Data management and statistical analysis were performed using SAS software, version 9.4 (SAS Institute, Cary, North Carolina, USA) and R 3.4 (R Core Development Team, 2017, R Foundation for Statistical Computing, Vienna, Austria). Rater agreement was assessed using intraclass correlation coefficients for continuous variables and weighted kappa statistics for categorical variables. Quadratic weighted kappa coefficients were utilized for the analysis in order to take account of the degree of disagreement, along with 95% confidence interval based on 1000 bootstrap sample. Linear weighted kappa coefficients were also utilized for consistency with existing literature. Consistent with previous mLPC reliability literature, kappa values were assessed based on the guidelines suggested by Landis and Koch,¹⁷ with a kappa value of 0 to 0.20 representing slight agreement, 0.21 to 0.40 fair agreement, 0.41 to 0.60 moderate agreement, 0.61 to 0.80 good agreement and 0.81 to 1.00 almost perfect agreement. A 95% confidence interval was reported for all measures and significance was set at p < 0.05.

Results

Primary outcome – rater agreement, inter-observer and intra-observer reliability

In total, 26 surgeons completed mLPC assessment of 40 Perthes cases. Individual surgeon’s performance varied from 48% to 88% agreement with the mLPC gold standard (Fig. 1). The majority of surgeons rated the 40 patients according to the mLPC as follows: no patients were Lateral Pillar Group A, 20 patients were Group B, three patients were Group B/C border and 17 were Group C.

Fig. 1 — Percent agreement of each individual rater’s mLPC relative to the group mode (i.e. gold standard) mLPC. The top five performer raters are raters 45, 61, 57, 50, 39.

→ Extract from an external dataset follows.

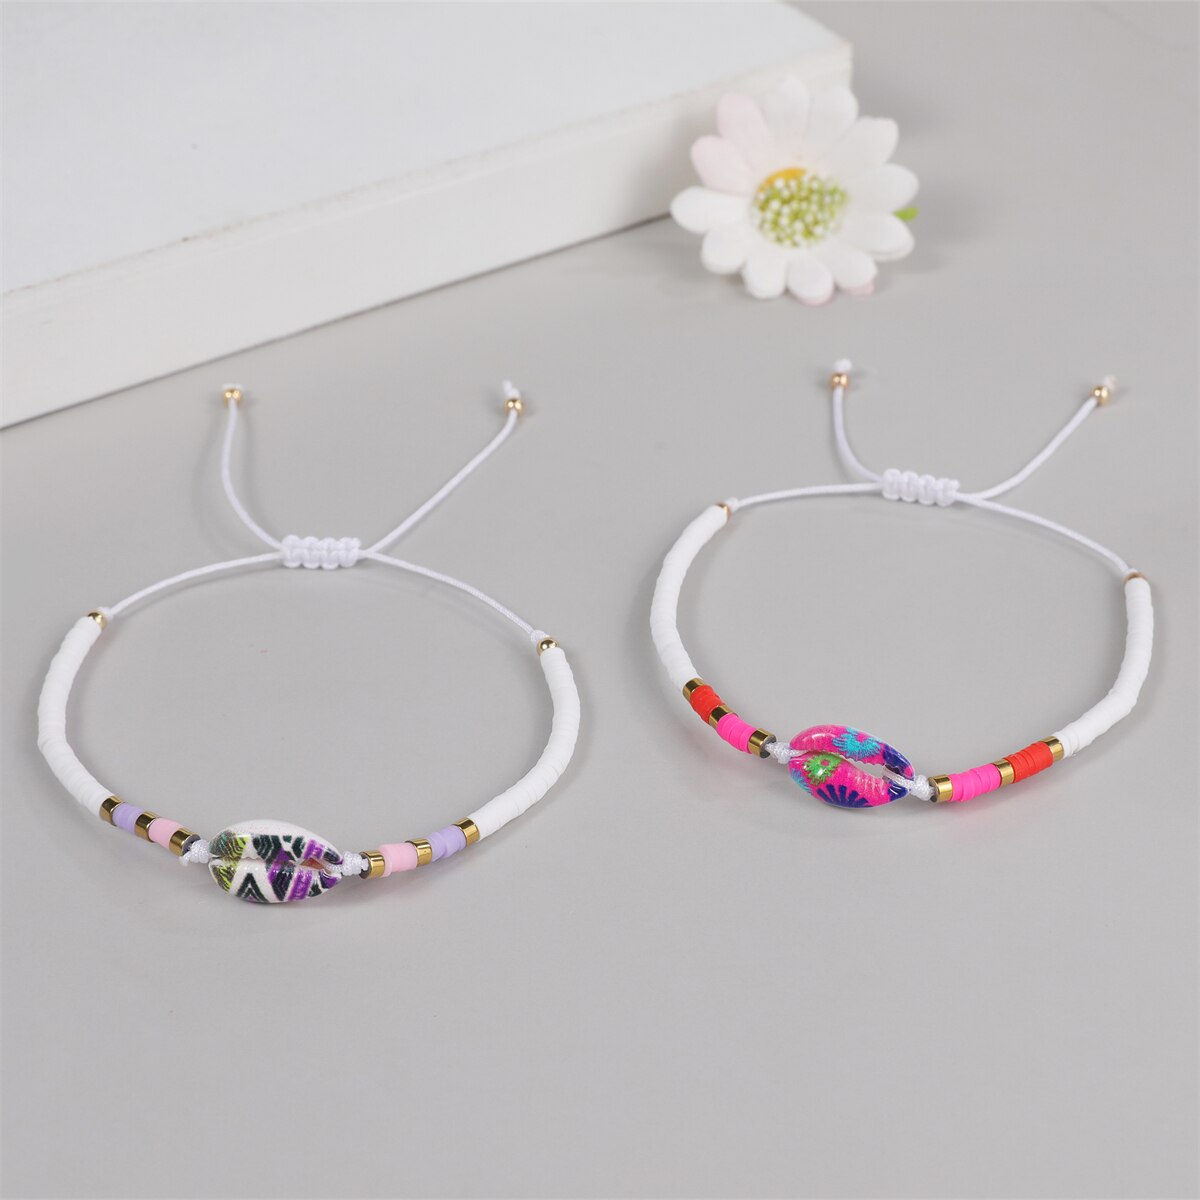 12pcs/set Soft Clay Shell Charm Bracelets Set for Women Kids Handmade Braided Rope Adjustable Bracelet Anklets Trendy Jewelry

The weighted kappa for inter-observer agreement was 0.64 (95% confidence interval: 0.55 to 0.74), whether quadratic weighting or linear weighting were utilized. This indicates low good agreement. Agreement among the surgeons was highest and similar for Groups B (71.5 ± 17.8%) and C (70.6 ± 20.3%), and lowest for the B/C border Group (42.3 ± 0.0%) (Fig. 2). There were two cases with 100% agreement; both hips were severe Group C (Fig. 3). Five cases had 90% agreement, all of which were either mild Group B or severe Group C (Fig. 4). For the B/C border Group, there were only three cases, and agreement was 42% (Fig. 2). Other cases with low inter-observer agreement (≤ 50%) were either severe Group B hips or mild Group C (i.e. hips at the border of B and C; Fig. 5).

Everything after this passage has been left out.